See module name above.

Package Kinds

Regular Package

A traditional package, such as a directory containing an __init__.py file.

__init__.py

When a regular package is imported, this __init__.py file is implicitly executed, and the objects it defines are bound to names in the package’s namespace. The __init__.py file can contain the same Python code that any other module can contain, and Python will add some additional attributes to the module when it is imported.

Much of the Python documentation states that the __init__.py file must be present in the package directory, even if as an empty file, for the package to be valid. This was once true. Since Python 3.3, PEP 420 Implicit Namespace Packages were introduced and they allow for the creation of a package without any __init__.py file.

Assuming that __init__.py is declared in some_package_1 , as shown above, and has the following content:

# this is __init__.py
COLOR = 'blue'

then importing the package itself binds the COLOR in the package's namespace, making it accessible to the client program importing the package:

import some_package_1
assert 'blue' == some_package_1.COLOR

A module in the package can access the global variable by importing it in turn. In some_module_1.py:

from some_package_1 import COLOR

[...]

def print_color():
    print(f'color is {COLOR}')

__init__.py can also be used to automatically import the modules from the package, so the clients of the package won't have to import them individually, and the objects from the package's modules will bound to the package namespace.

# this is __init__.py
import some_package_1.some_module_1
import some_package_1.some_module_2
import some_package_1.dir_1.some_module_3
import some_package_1.dir_1.dir_2.some_module_4

For a client of the package:

import some_package_1
some_package_1.some_module_1.some_func_1()
some_package_1.some_module_2.some_func_2()
some_package_1.dir_1.some_module_3.some_func_3()
some_package_1.dir_1.dir_2.some_module_4.some_func_4()

__main__.py

https://docs.python.org/3/library/__main__.html

The file contains the code of the "main" module, which will be imported automatically when the package is imported.

Namespace Package

A PEP 420 package which serves only as a container for subpackages.

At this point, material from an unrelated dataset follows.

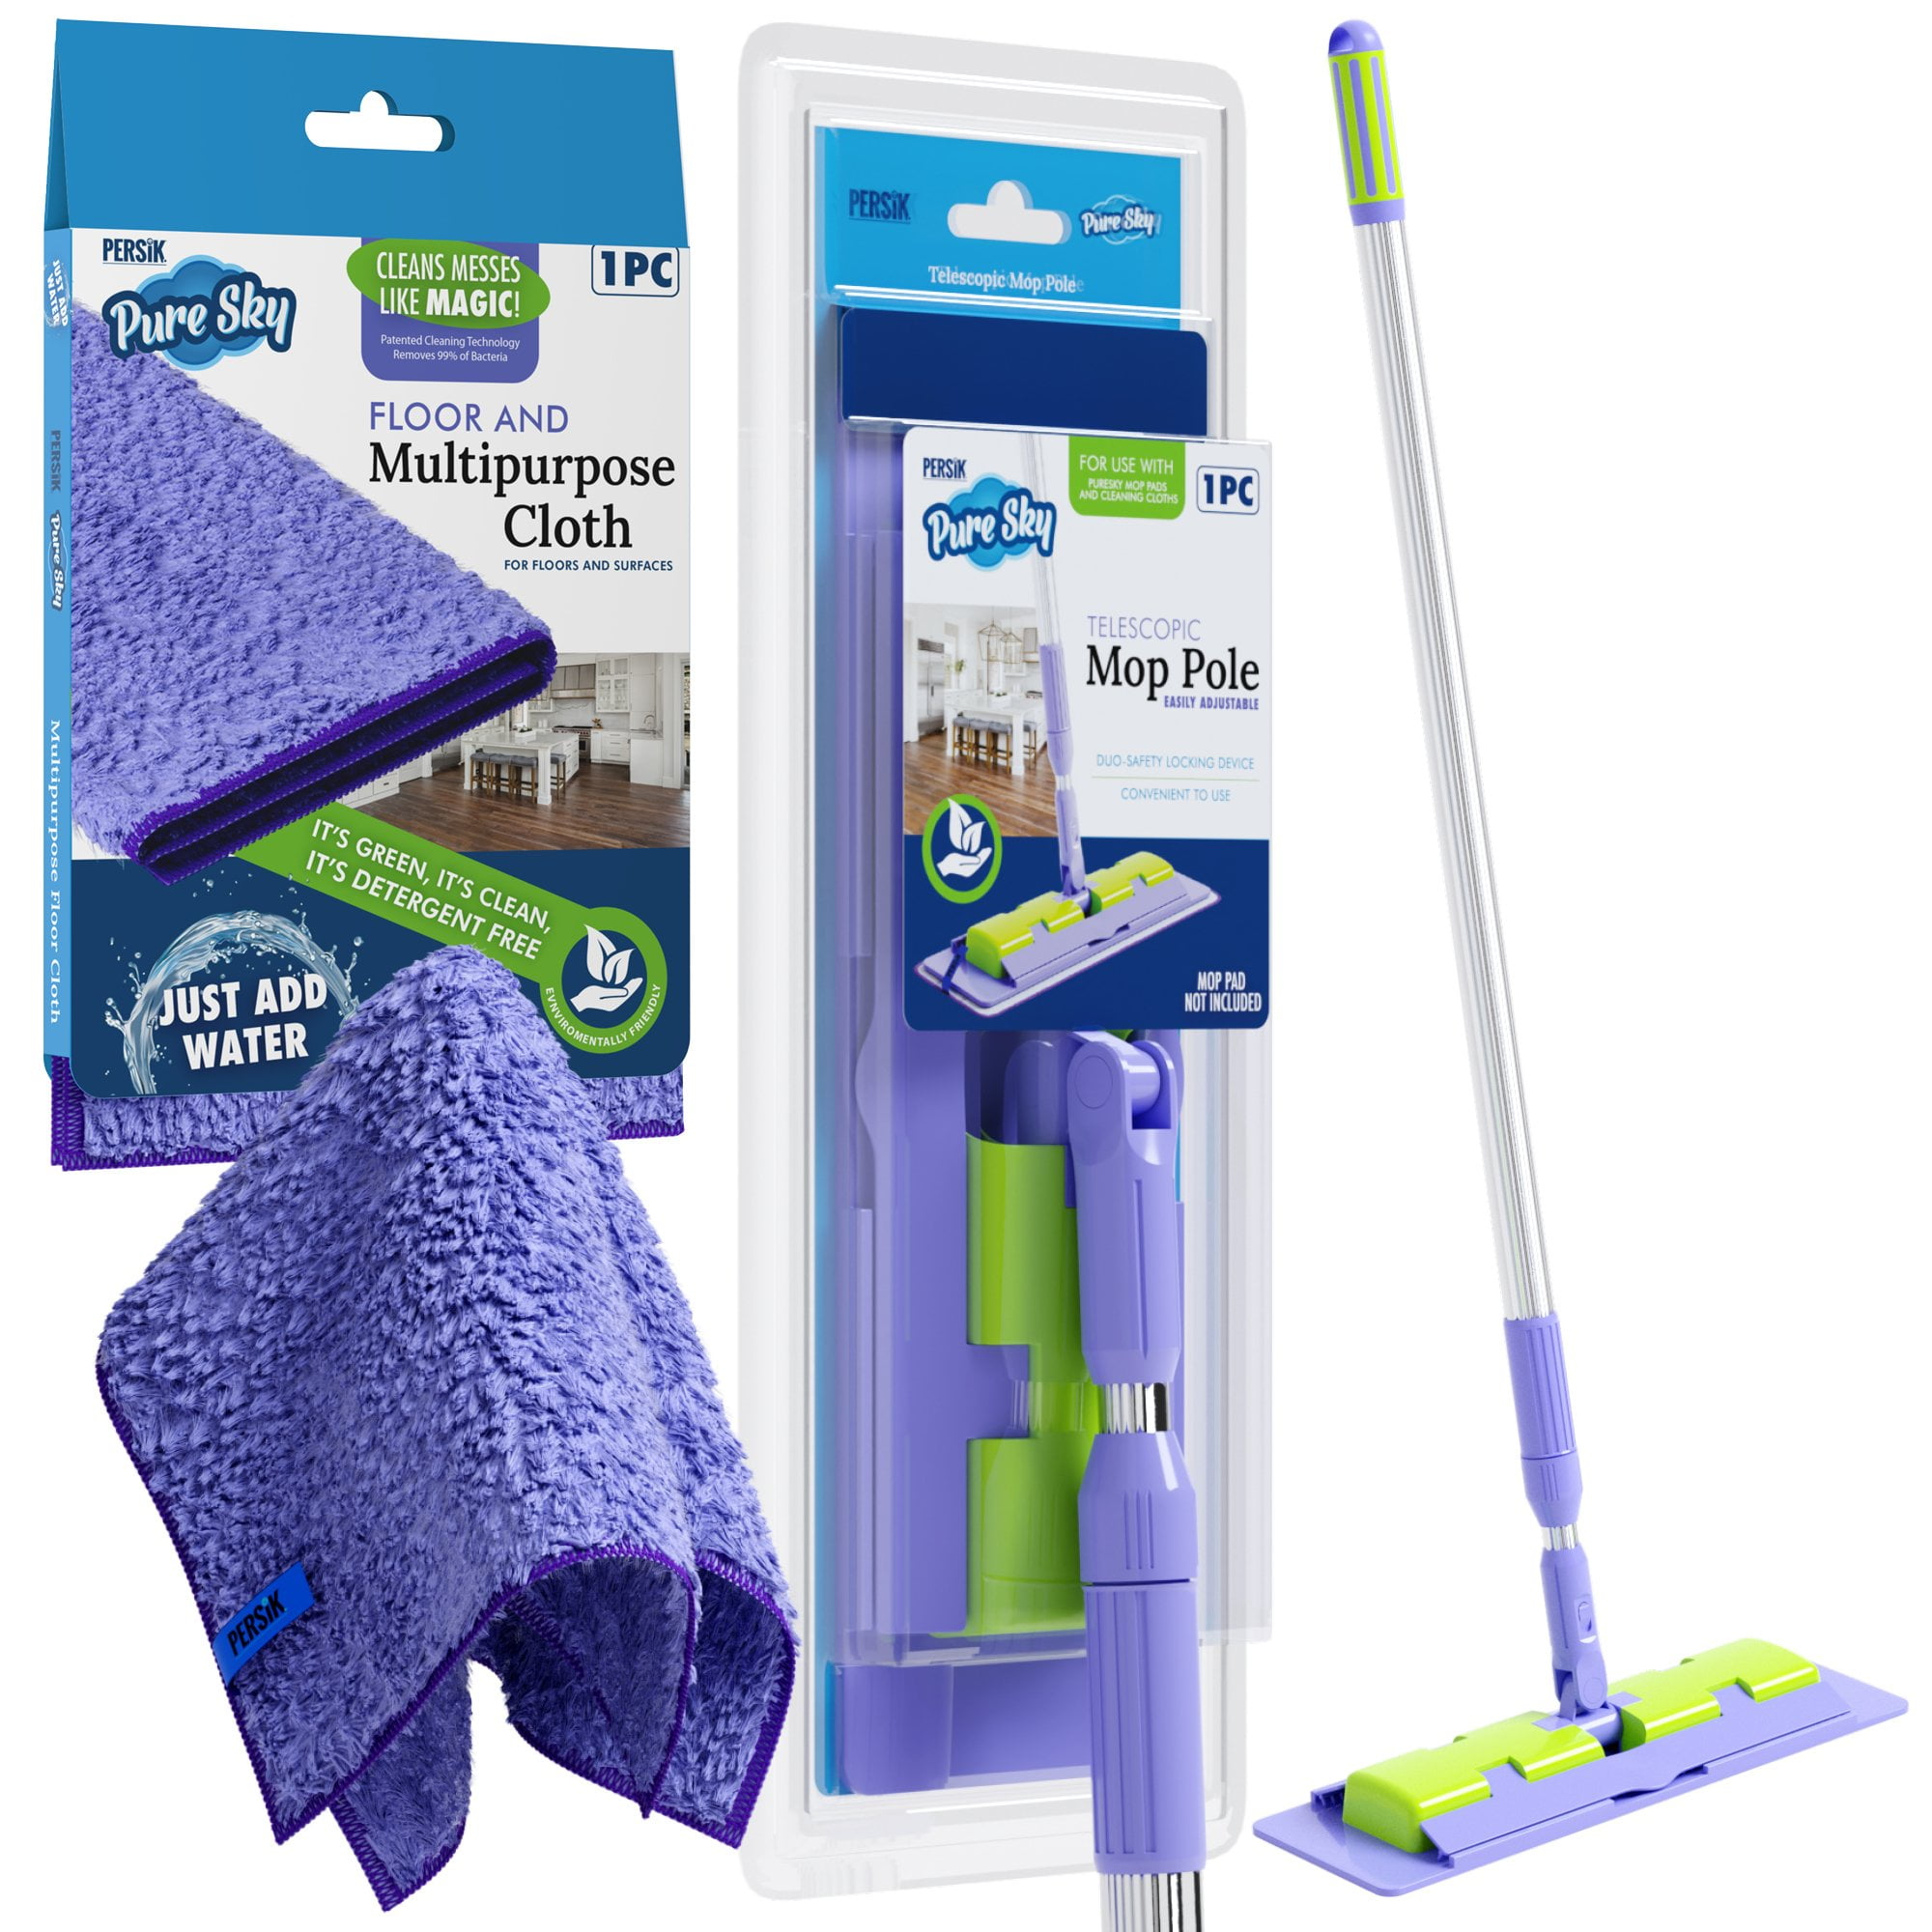 Magic Deep Clean Floor Mop - JUST ADD Water No Needed - Ultra Microfiber Damp Mop Cleaner - Includes Pole Light Weight, Strong Durable Pole + Includes Attachable Towel -

Namespace packages may have no physical representation, and have no __init__.py file.

Importing * from a Package

TO PROCESS: https://realpython.com/python-modules-packages/#importing-from-a-package

Package Metadata

Name: pulumi
Version: 2.11.2
Summary: Pulumi's Python SDK
Home-page: https://github.com/pulumi/pulumi
Author:
Author-email:
License: Apache 2.0
Location: /Users/ovidiu/Library/Python/3.8/lib/python/site-packages
Requires: dill, grpcio, protobuf
Required-by: pulumi-aws, pulumi-kubernetes, pulumi-random, pulumi-tls

Requires

Required-by

Subpackages

TO PROCESS: https://realpython.com/python-modules-packages/#subpackages

Package Example

A package example is available here:

https://github.com/ovidiuf/playground/tree/master/pyhton/packages/some_package_1

A program that consumes it is available here:

https://github.com/ovidiuf/playground/tree/master/pyhton/packages/consumer-of-packages

Publishing a Python Package in a Repository

Organizatorium

  • Each installation of Python may have different modules installed. Python determines the path to its modules by examining the location of the python3 executable.
  • Technically, a package is a Python module with a __path__ attribute.
  • Packages can be run as if they were scripts if the package provides a top-level script __main__.py.
  • Understand setup.py - it defines the entry point 9/0.